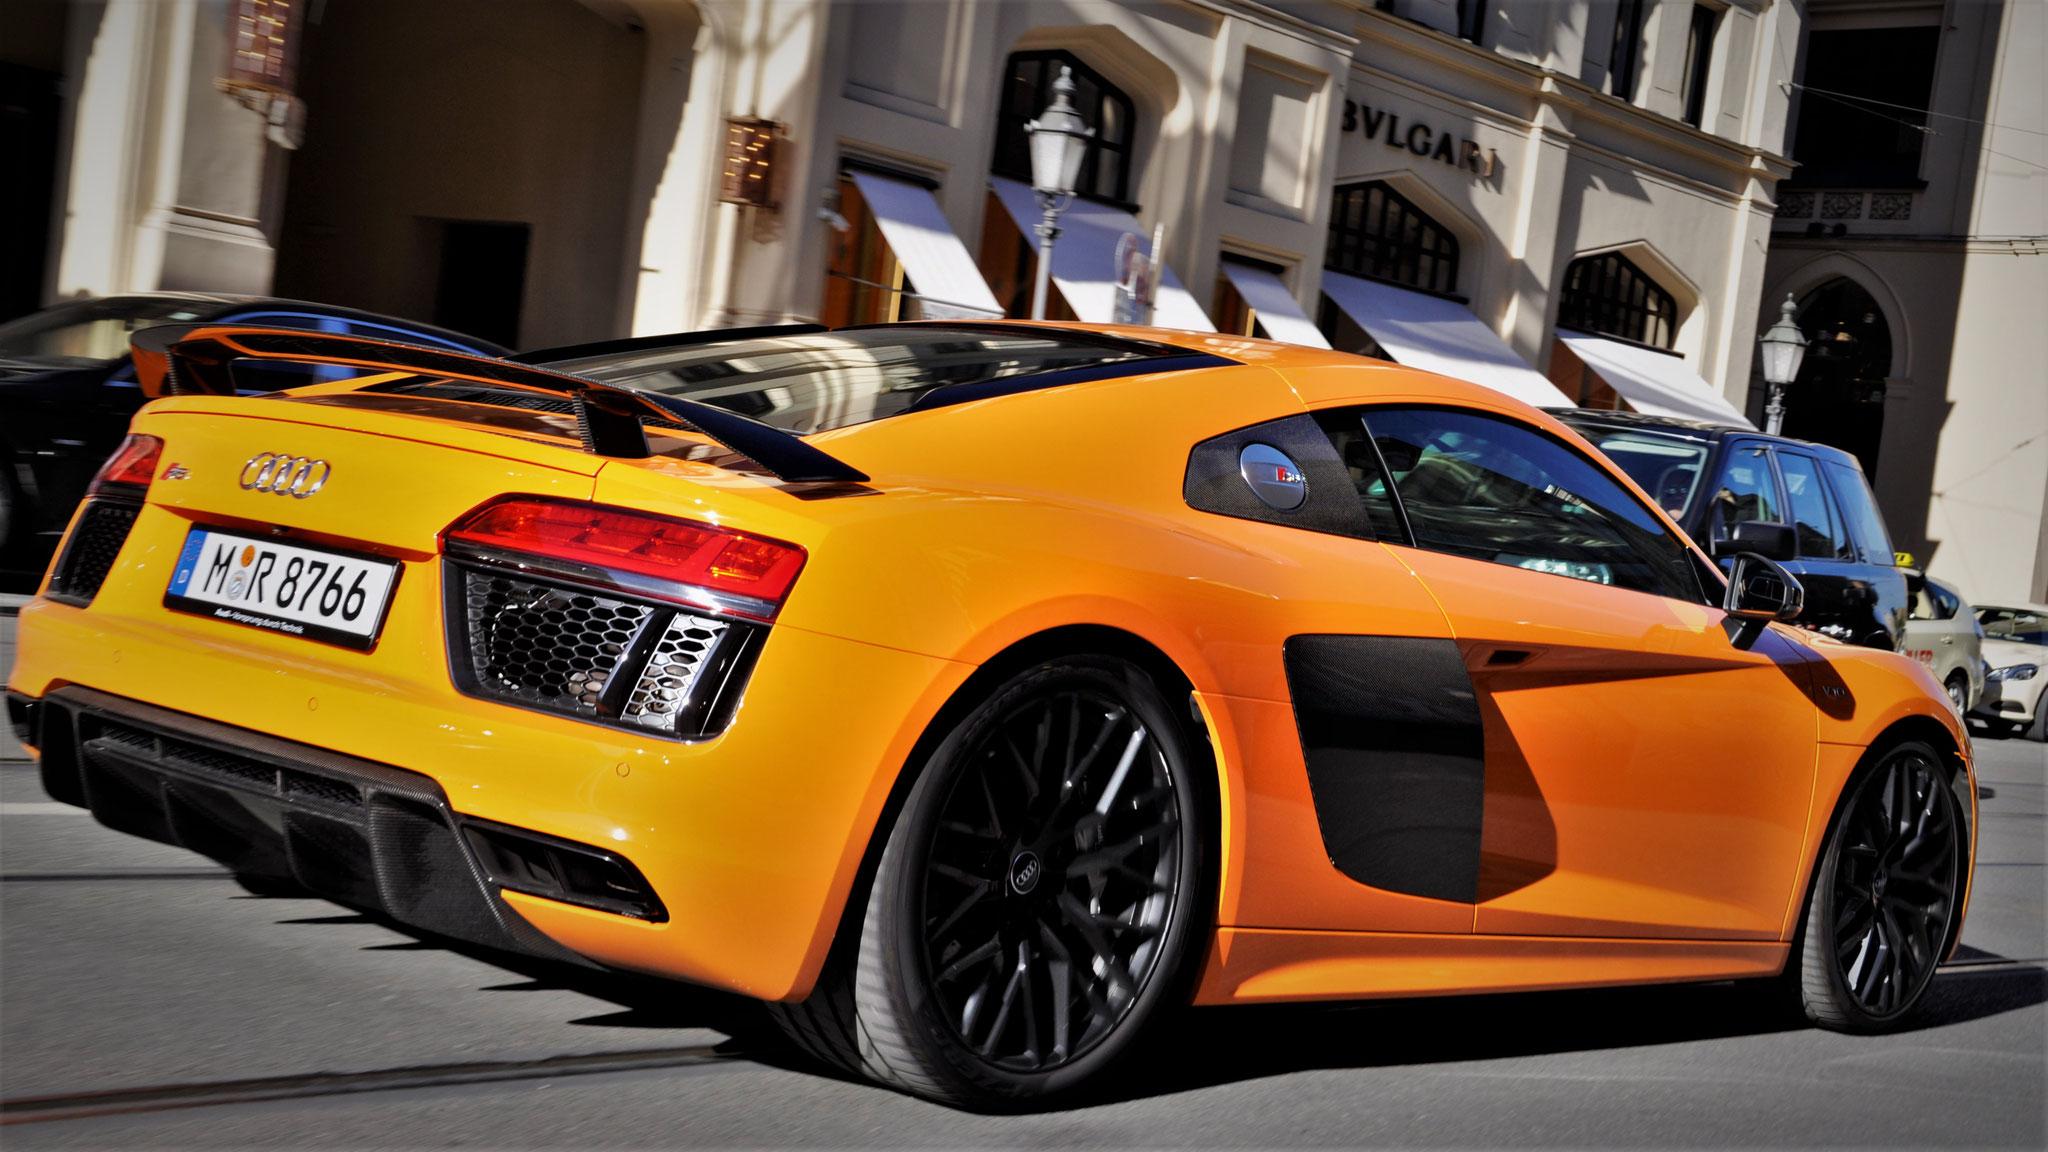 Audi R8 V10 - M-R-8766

--

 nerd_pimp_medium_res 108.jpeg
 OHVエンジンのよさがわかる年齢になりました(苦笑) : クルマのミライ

* * *

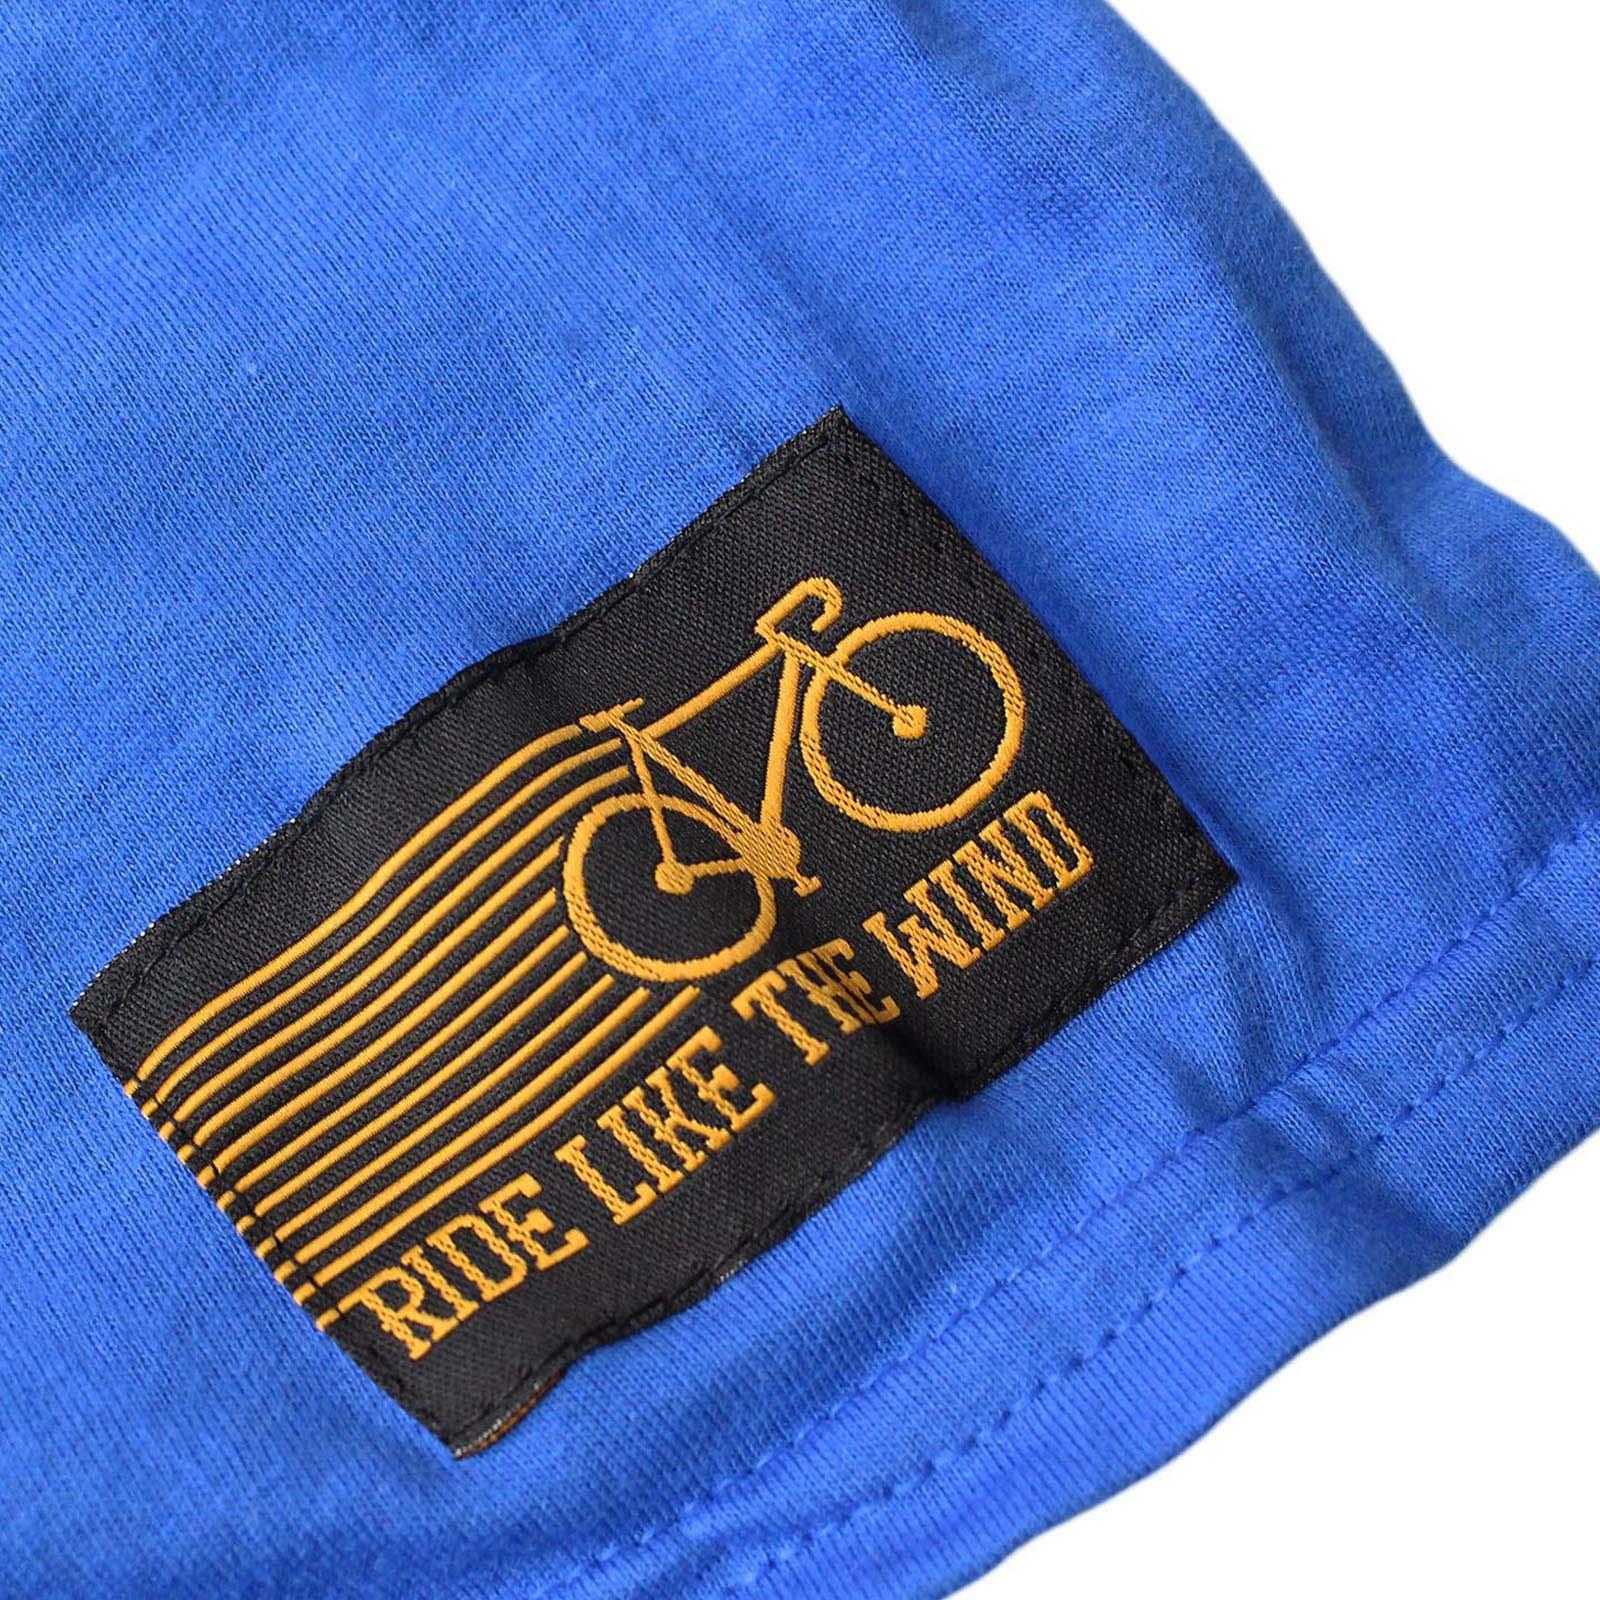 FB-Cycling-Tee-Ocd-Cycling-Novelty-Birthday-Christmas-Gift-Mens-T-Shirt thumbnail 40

ACTIVITY
Write down again, exactly as given, only the lines above that fall from the line with "nerd_pimp_medium_res 108.jpeg" to the line with "OHVエンジンのよさがわかる年齢になりました(苦笑) : クルマのミライ", inclusive.

OUTPUT
 nerd_pimp_medium_res 108.jpeg
 OHVエンジンのよさがわかる年齢になりました(苦笑) : クルマのミライ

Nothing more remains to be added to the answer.